What to produce: Every line of the data should be written out exactly, with the pictures left out.

Stored data:
- - -

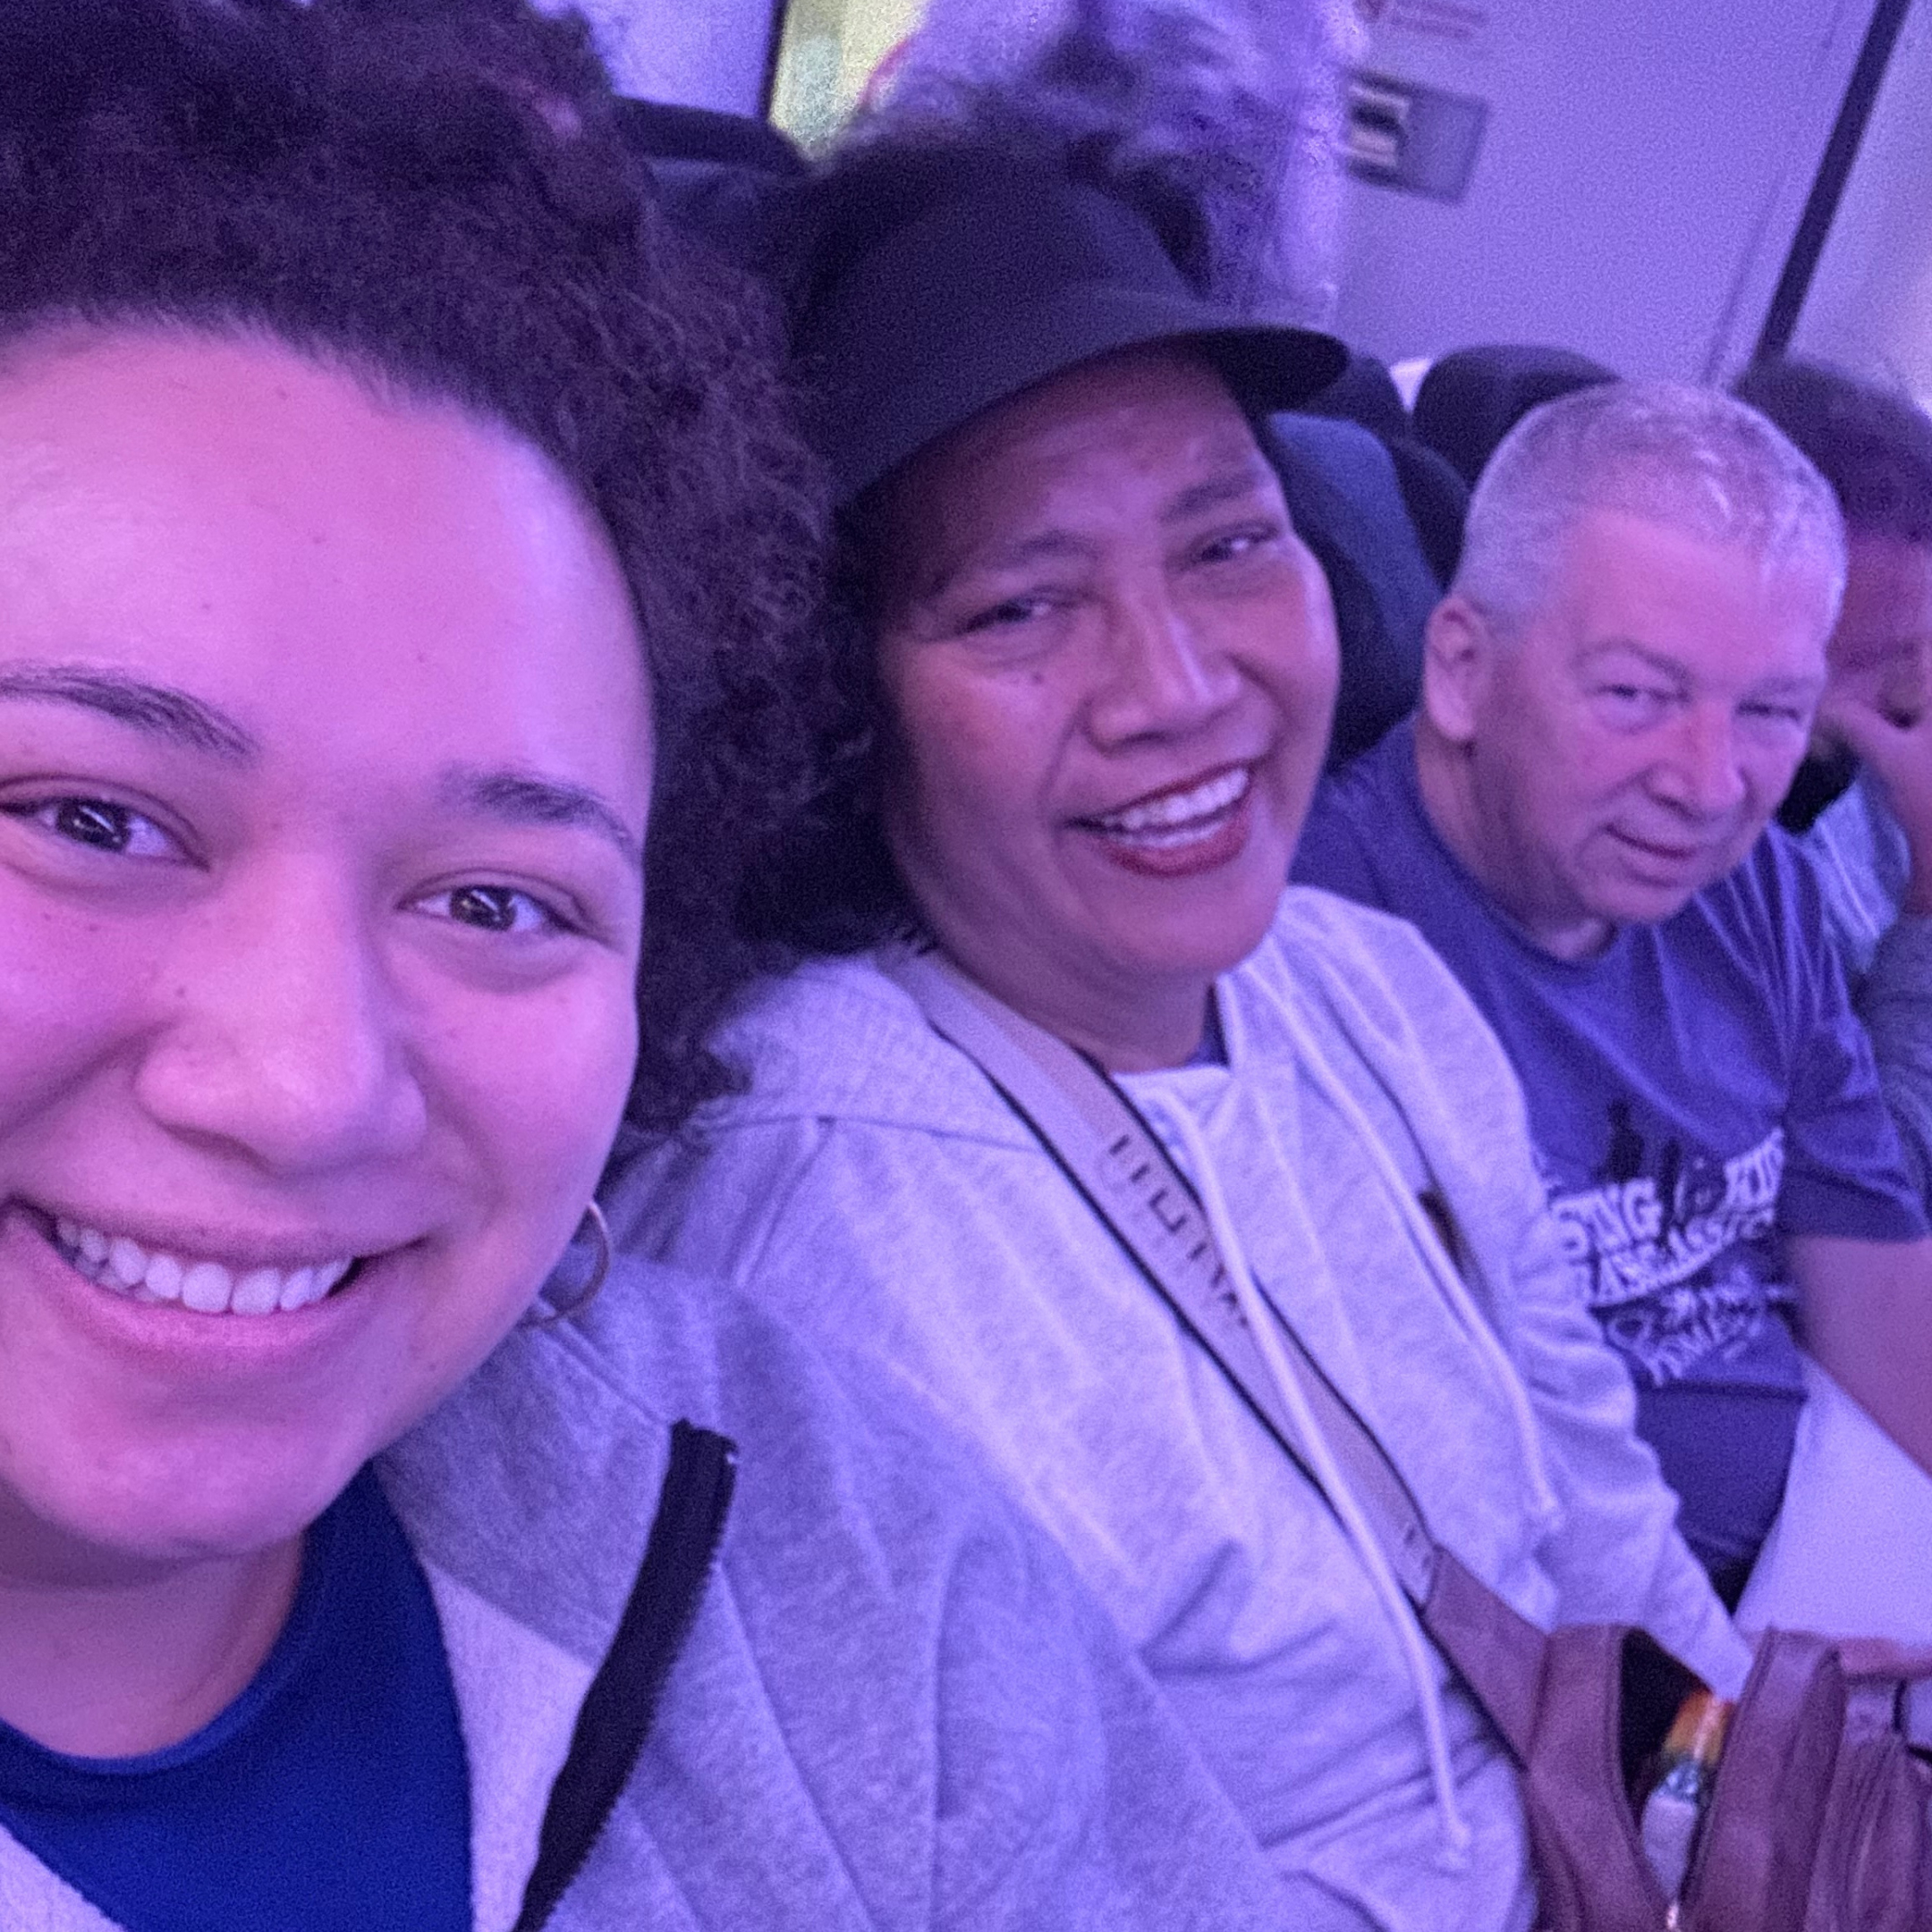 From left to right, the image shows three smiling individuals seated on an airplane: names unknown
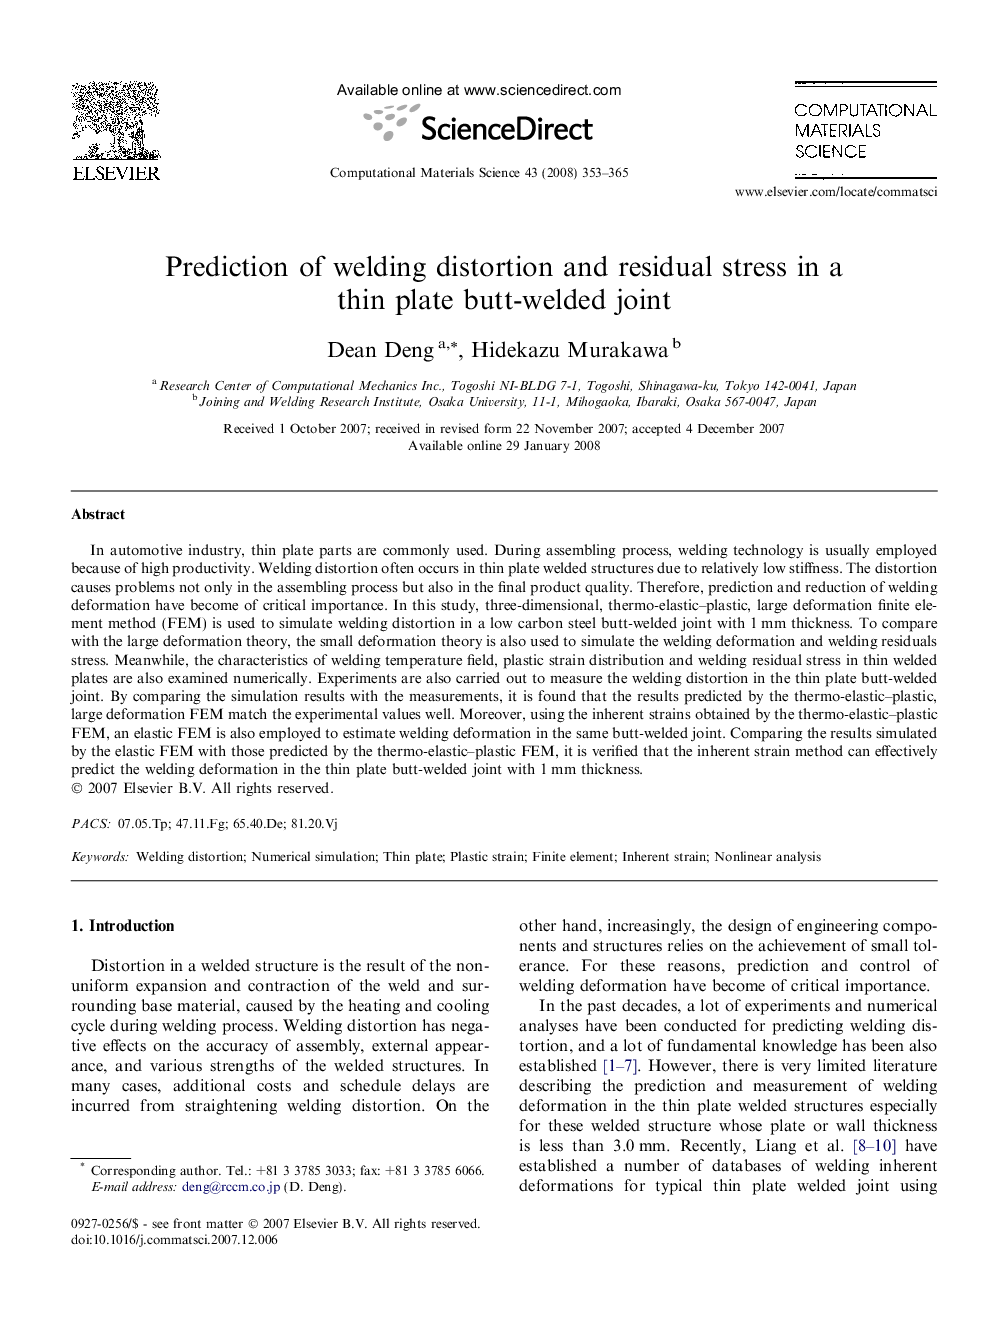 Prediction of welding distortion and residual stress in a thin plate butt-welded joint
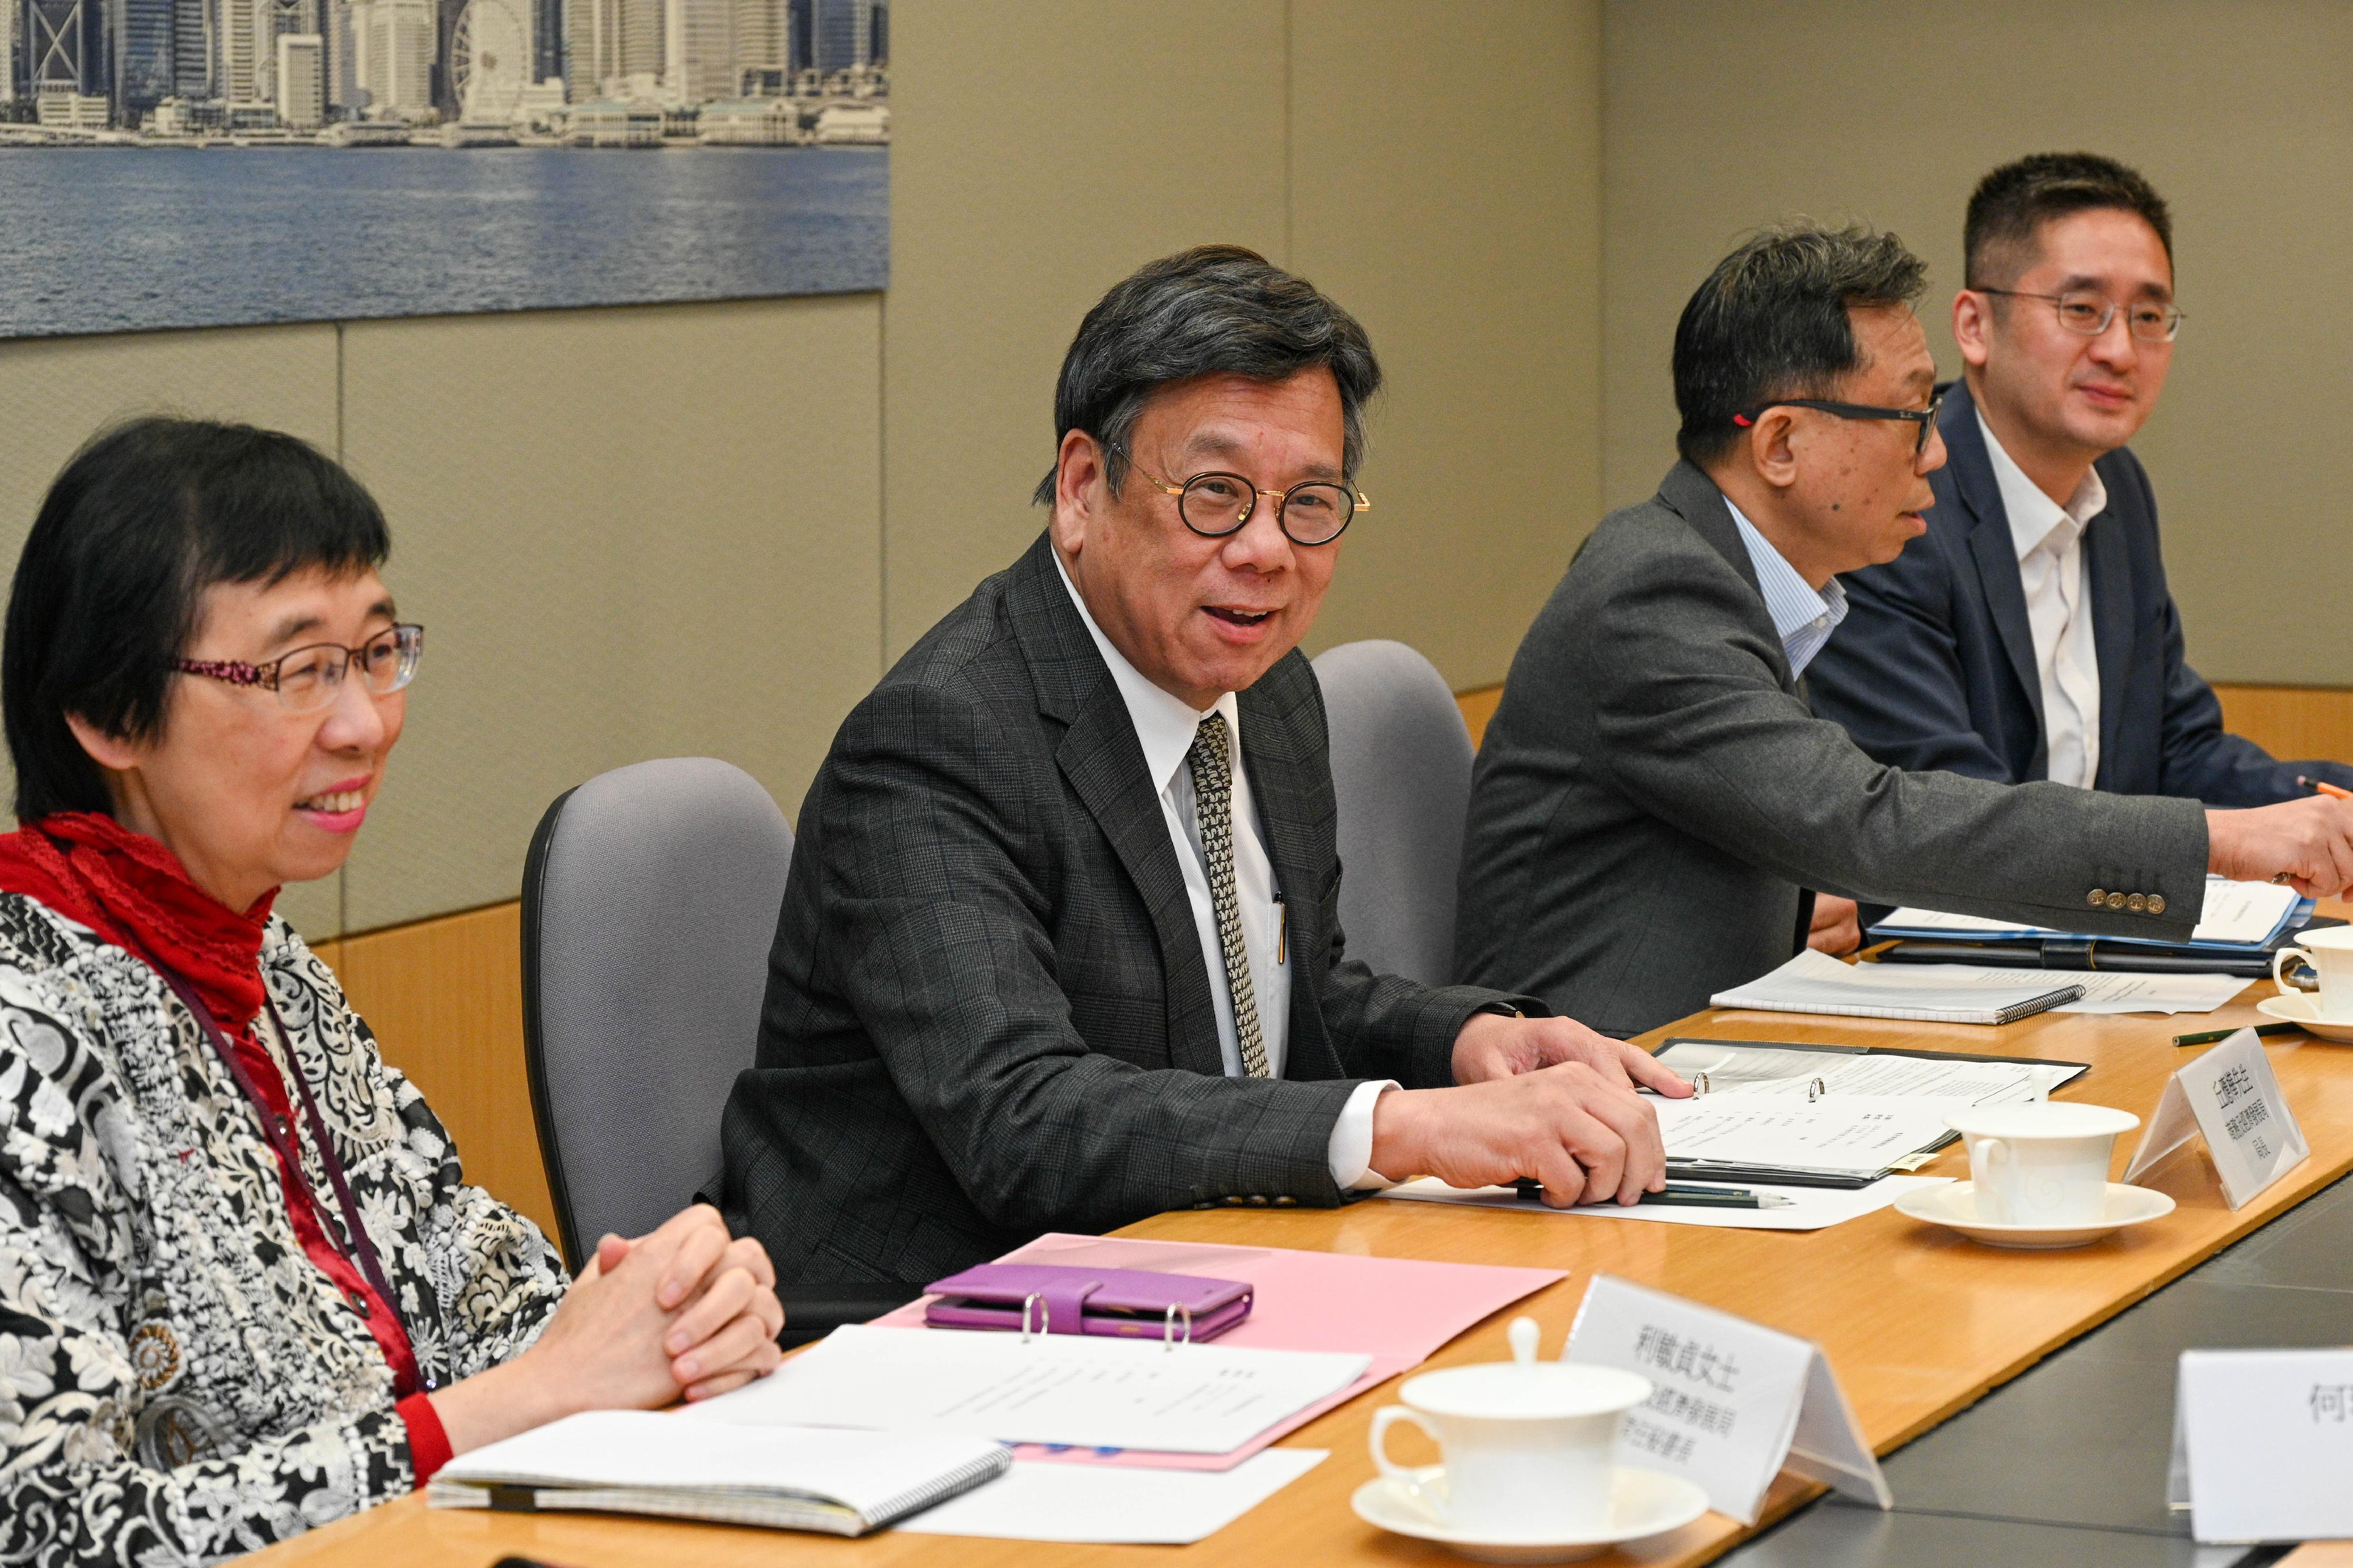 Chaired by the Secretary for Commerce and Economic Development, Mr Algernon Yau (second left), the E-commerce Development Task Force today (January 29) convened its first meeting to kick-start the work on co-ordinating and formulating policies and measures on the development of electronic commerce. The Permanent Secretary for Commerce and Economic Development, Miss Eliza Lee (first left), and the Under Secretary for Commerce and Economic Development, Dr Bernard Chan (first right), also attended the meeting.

- - -

Answer space:
 From left to right, the image shows three smiling individuals seated on an airplane: names unknown
 Prediction of welding distortion and residual stress in a thin plate butt-welded joint
 Chaired by the Secretary for Commerce and Economic Development, Mr Algernon Yau (second left), the E-commerce Development Task Force today (January 29) convened its first meeting to kick-start the work on co-ordinating and formulating policies and measures on the development of electronic commerce. The Permanent Secretary for Commerce and Economic Development, Miss Eliza Lee (first left), and the Under Secretary for Commerce and Economic Development, Dr Bernard Chan (first right), also attended the meeting.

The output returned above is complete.